3 minute read
Listen Up: The Duality of Choice
Katherine Goble Johnson (Taraji P. Henson), Dorothy Vaughan (Octavia Spencer), and Mary Jackson (Janelle Monáe) played critical roles at NASA during the Space Race.
BY CHERIE BUCKNER-WEBB
Recently, I gave the keynote speech at a corporate leadership conference.
“I stand before you today, a seasoned woman with broad and diverse experience in a breadth of environments. I am a woman who has maneuvered through generations in the workplace,” I shared.
It’s true—I’ve shared space with Baby Boomers (born 1946-1964), Generation X (born 1965-1979), Generation Y (born 1980-1994), Generation Z (born 19952009), and Generation Alpha (born 2010-2024).
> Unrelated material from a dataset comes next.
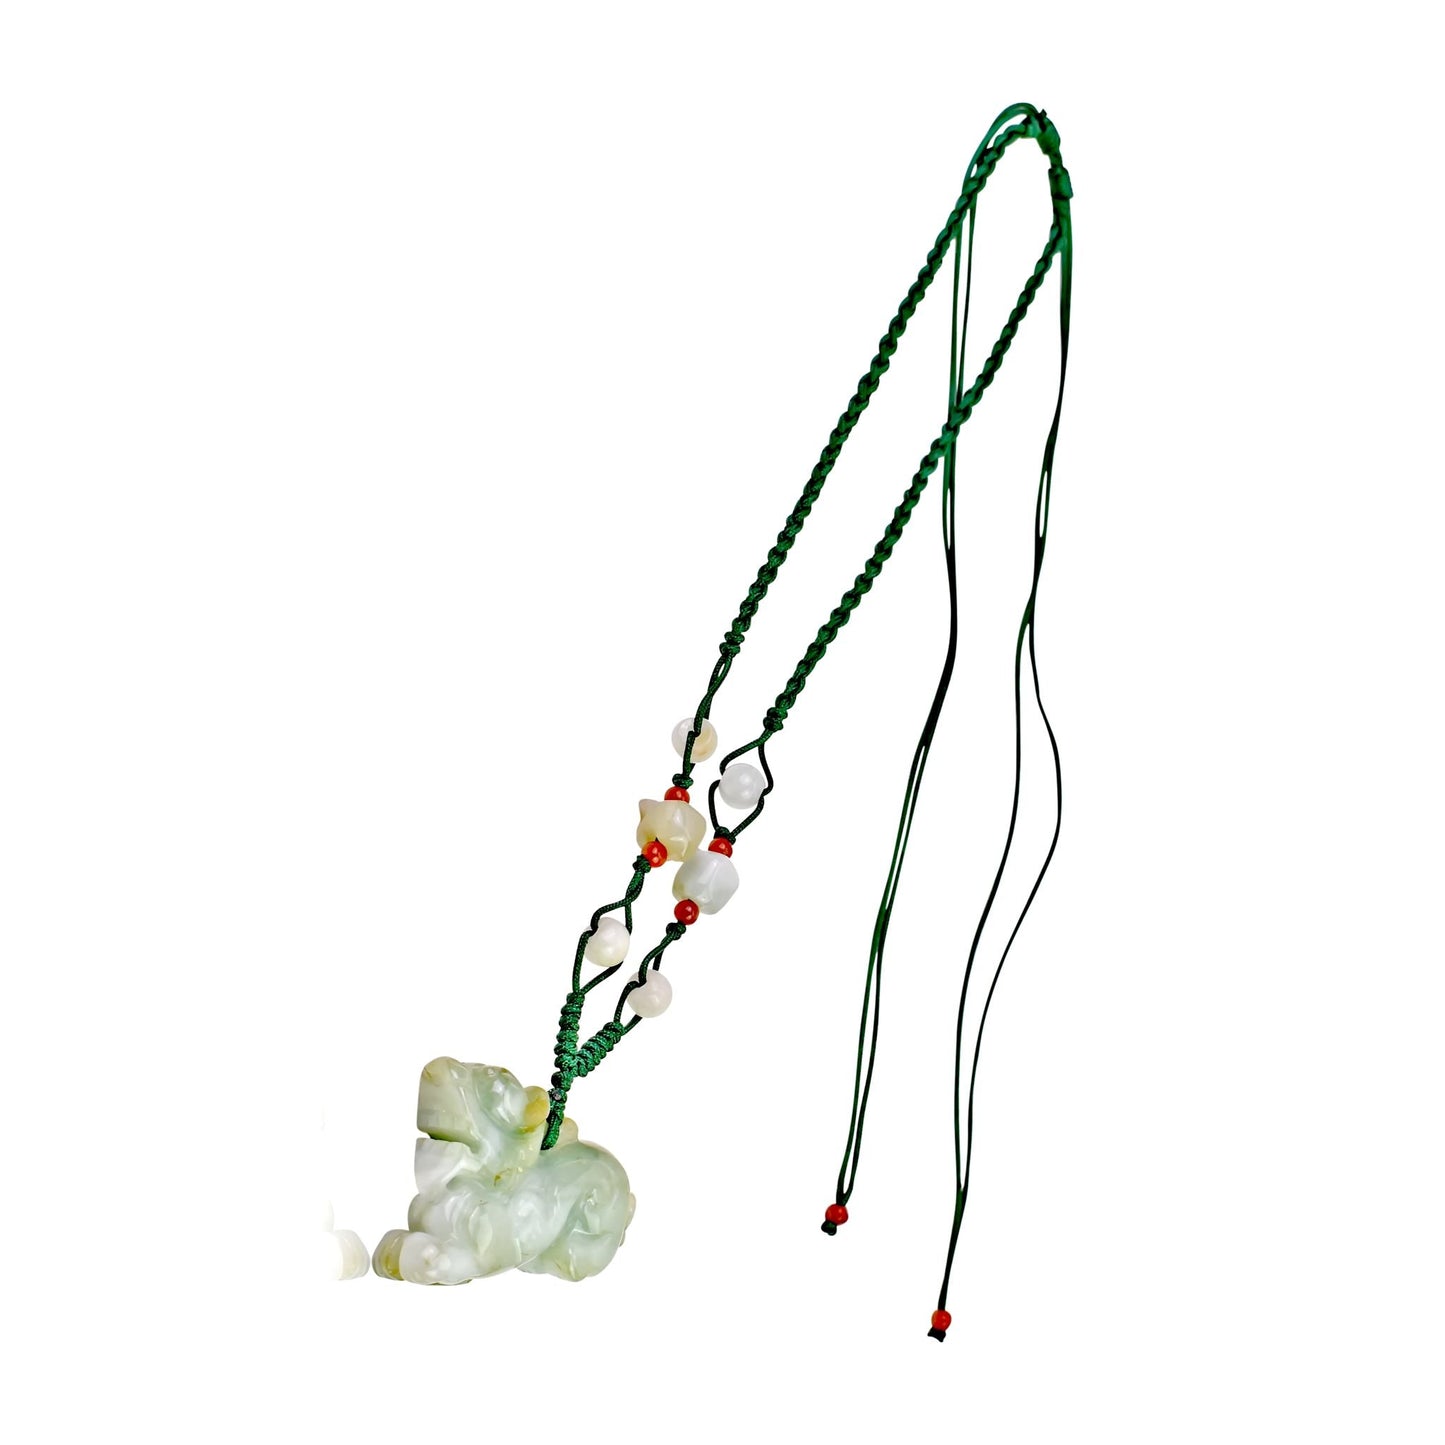 Showcase Your Style with the One-of-a-Kind Lion Jade Necklace with Green Cord

I’ve faced the ever-changing challenges for women.
Far too many women, wherever they are in the life of their career, have experienced feelings of invisibility, being undervalued, judged, discounted, and/ or overlooked. With great regularity, women are confronted with a plethora of mixed messages in the workplace, both professional and personal. And we devote way too much time struggling to interpret their meanings.
The 2016 film Hidden Figures is based on the professional lives of three accomplished African American mathematicians (Katherine Goble Johnson, Dorothy Vaughan, and Mary Jackson), who were critical to NASA winning the Space Race and relegated to second class status. Their names, accomplishments, and contributions were omitted from official documents during their employment at NASA. They were prohibited access to onsite facilities during that time, though they were crucial to putting Americans on the moon.
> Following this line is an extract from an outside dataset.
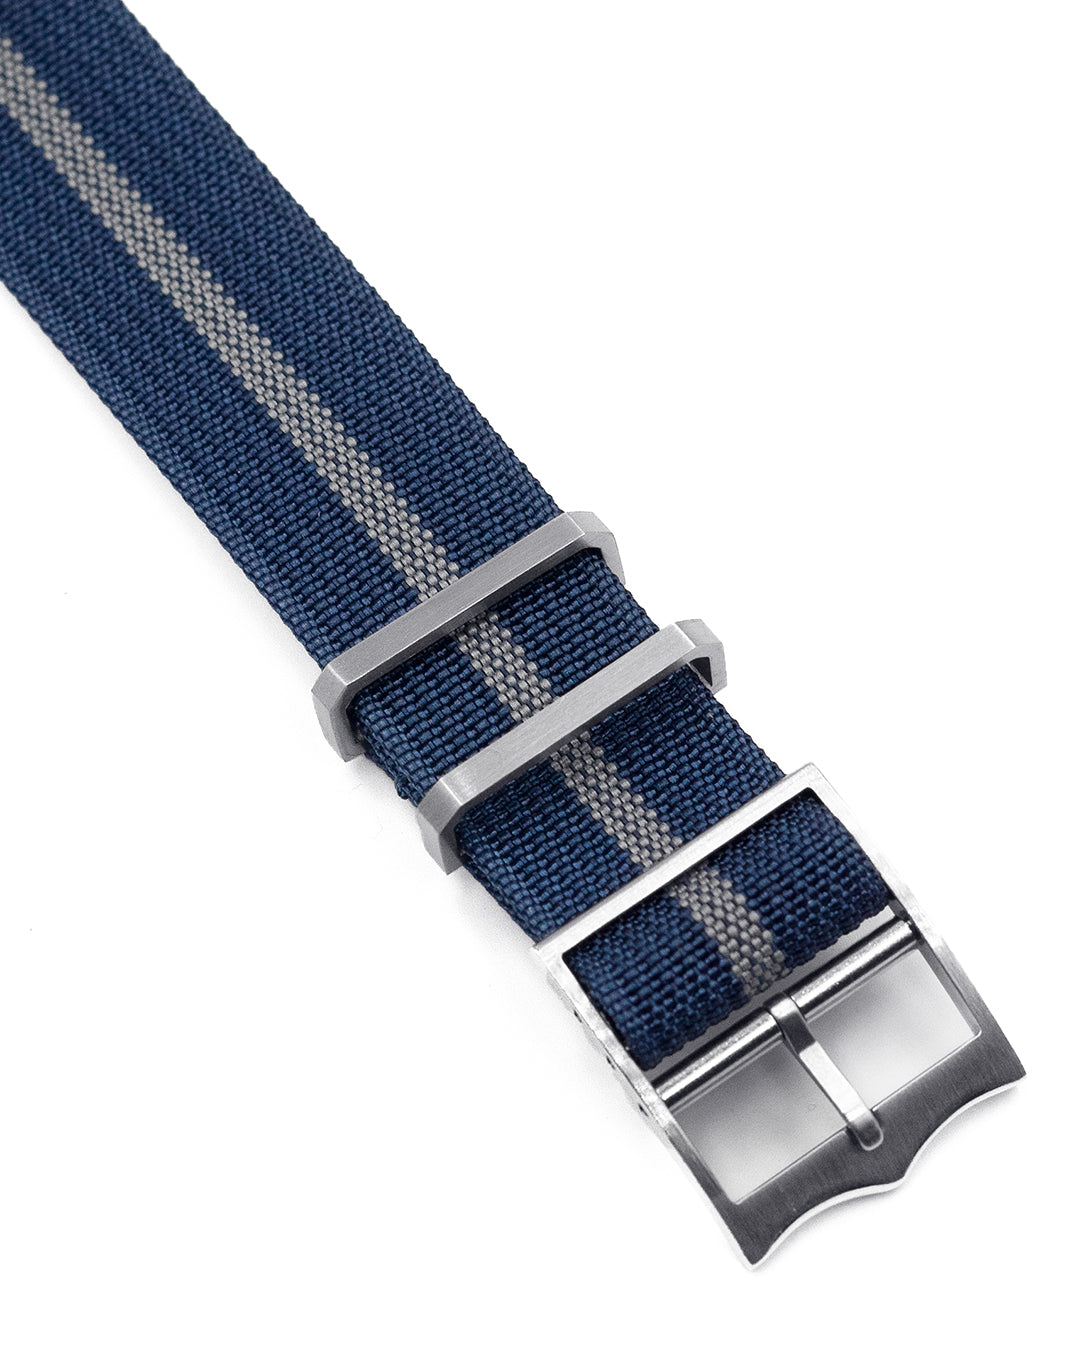 Check this out:Nylon strap with buckle

Still today, women remain overwhelmingly faced with no-win situations and a tremendous amount of judgment in the workplace. Often, female intention is misinterpreted. Negotiating for a salary is seen as opportunistic self promotion, and assertiveness is misconstrued as aggression. Alternatively, women who are warm and compassionate may be viewed as too soft. It seems that women are expected to be all things. Nice, kind, and compassionate, not too young or too old. A woman in a leadership role must make tough decisions, visibly take charge, and lead the workforce by personal example. Is it a problem to solve or polarity to manage? If a problem, then whose?
Social scientists term these situations “ambivalent sexism.” When women face ambivalent sexism, they’re compelled to choose between being liked but not respected, or respected but not liked. Men seldom face such a dynamic. When ambivalent sexism exists in an organization, women who adhere to stereotypical feminine roles meet with benign approval, but are not seen as drivers. Women who don’t follow traditional scripts may be respected for outcomes, but not particularly appreciated.
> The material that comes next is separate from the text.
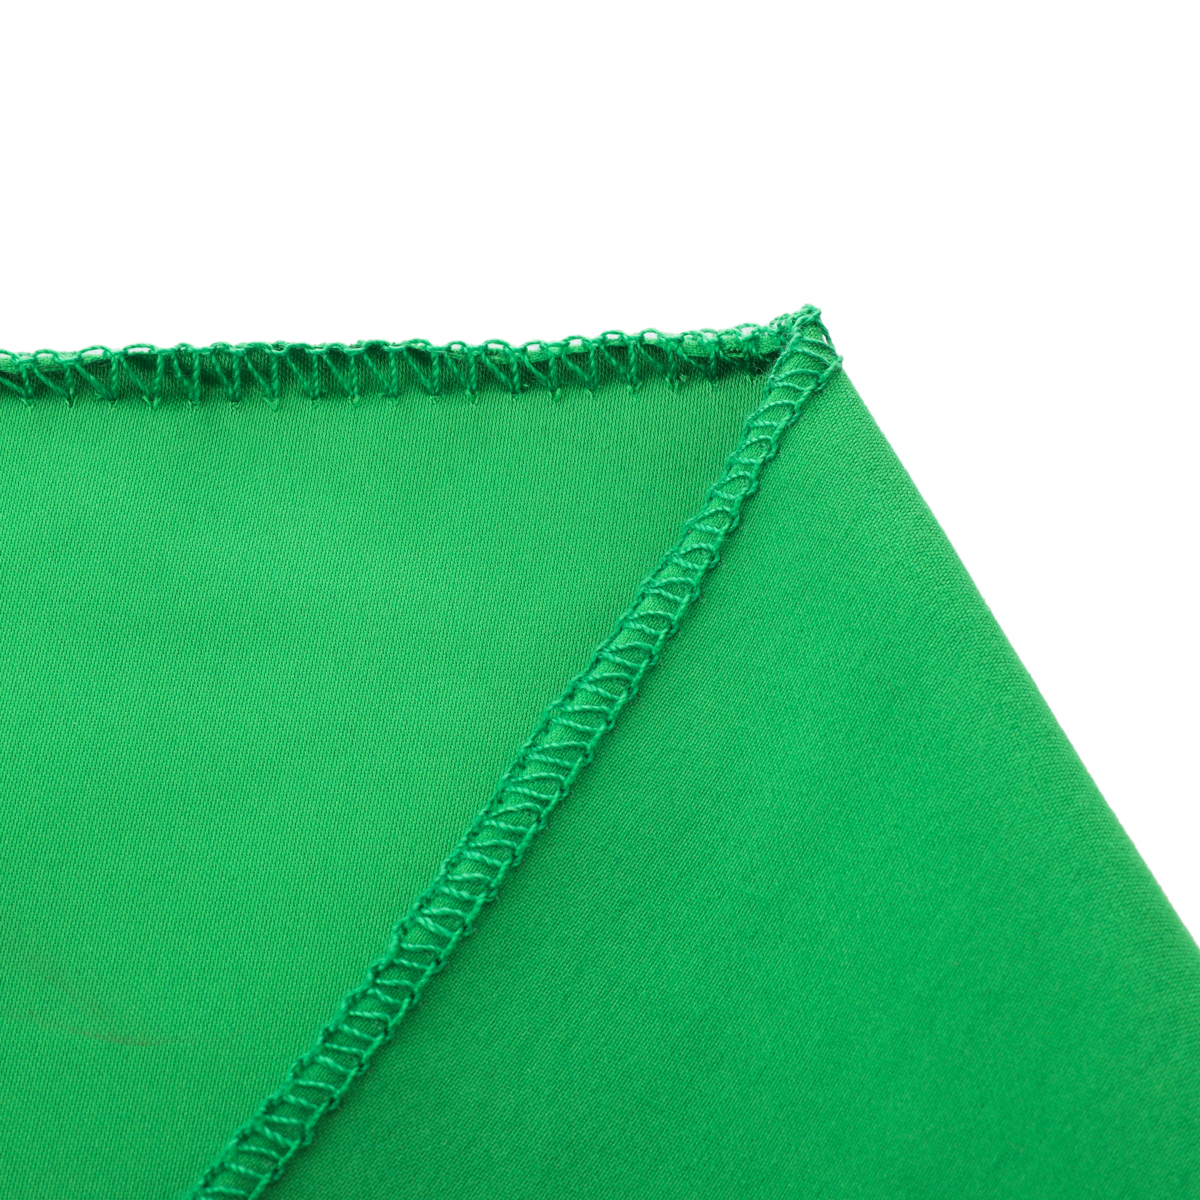 Find 7x5FT Green Photography Backdrop Background Studio Photography Prop for Sale on Gipsybee.com with cryptocurrencies

The same behaviors can be judged quite differently based on the gender of the person exhibiting them. It takes excessive amounts of energy for women to stay in the game, and we lose talent when we diminish and exhaust women by offering two irreconcilable demands, which drains productivity, stifles development, and suffocates creativity.
At 71, I’m a proud woman who is still standing. I’ve learned from personal experience, and from a cadre of phenomenal women leaders with whom I’ve engaged. I will be ever grateful for their advice and example: being congruent, seeking good counsel, engaging authentically, and “speaking the truth and shaming the devil.”
We know better. Let’s do better.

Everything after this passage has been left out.